### Task goal:
Scan the entries below for the word "with". Copy each line that has it.

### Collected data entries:

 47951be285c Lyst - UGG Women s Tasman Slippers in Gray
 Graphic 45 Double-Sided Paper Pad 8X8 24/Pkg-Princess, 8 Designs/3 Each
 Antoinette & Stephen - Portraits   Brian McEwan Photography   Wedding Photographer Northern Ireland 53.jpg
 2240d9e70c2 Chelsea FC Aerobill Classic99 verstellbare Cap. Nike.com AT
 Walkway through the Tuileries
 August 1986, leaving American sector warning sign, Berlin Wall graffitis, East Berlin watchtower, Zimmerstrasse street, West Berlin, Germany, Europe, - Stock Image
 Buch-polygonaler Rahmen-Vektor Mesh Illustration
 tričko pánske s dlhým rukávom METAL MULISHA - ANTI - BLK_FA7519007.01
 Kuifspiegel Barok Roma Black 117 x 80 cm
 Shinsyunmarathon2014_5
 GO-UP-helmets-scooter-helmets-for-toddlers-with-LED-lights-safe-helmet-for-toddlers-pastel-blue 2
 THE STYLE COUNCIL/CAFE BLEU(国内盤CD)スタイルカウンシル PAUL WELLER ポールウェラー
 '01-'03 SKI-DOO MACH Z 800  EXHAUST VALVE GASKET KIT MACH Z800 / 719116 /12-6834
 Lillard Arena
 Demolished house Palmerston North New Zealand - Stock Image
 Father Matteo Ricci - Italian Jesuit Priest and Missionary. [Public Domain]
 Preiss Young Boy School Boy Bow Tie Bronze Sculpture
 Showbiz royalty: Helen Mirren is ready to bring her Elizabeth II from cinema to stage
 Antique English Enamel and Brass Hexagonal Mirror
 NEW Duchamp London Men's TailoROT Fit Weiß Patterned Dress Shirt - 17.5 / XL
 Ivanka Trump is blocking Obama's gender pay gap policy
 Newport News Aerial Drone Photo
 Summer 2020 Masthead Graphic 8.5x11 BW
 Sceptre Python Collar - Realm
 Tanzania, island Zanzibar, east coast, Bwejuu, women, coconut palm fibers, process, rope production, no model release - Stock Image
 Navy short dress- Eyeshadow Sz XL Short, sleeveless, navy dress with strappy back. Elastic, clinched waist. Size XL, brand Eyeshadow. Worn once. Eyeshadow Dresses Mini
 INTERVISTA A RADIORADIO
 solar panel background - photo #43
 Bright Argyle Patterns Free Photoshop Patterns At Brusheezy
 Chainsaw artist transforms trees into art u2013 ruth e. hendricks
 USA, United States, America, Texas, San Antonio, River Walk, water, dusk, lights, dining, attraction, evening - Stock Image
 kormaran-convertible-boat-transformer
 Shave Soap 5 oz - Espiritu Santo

### Answer section:
 GO-UP-helmets-scooter-helmets-for-toddlers-with-LED-lights-safe-helmet-for-toddlers-pastel-blue 2
 Navy short dress- Eyeshadow Sz XL Short, sleeveless, navy dress with strappy back. Elastic, clinched waist. Size XL, brand Eyeshadow. Worn once. Eyeshadow Dresses Mini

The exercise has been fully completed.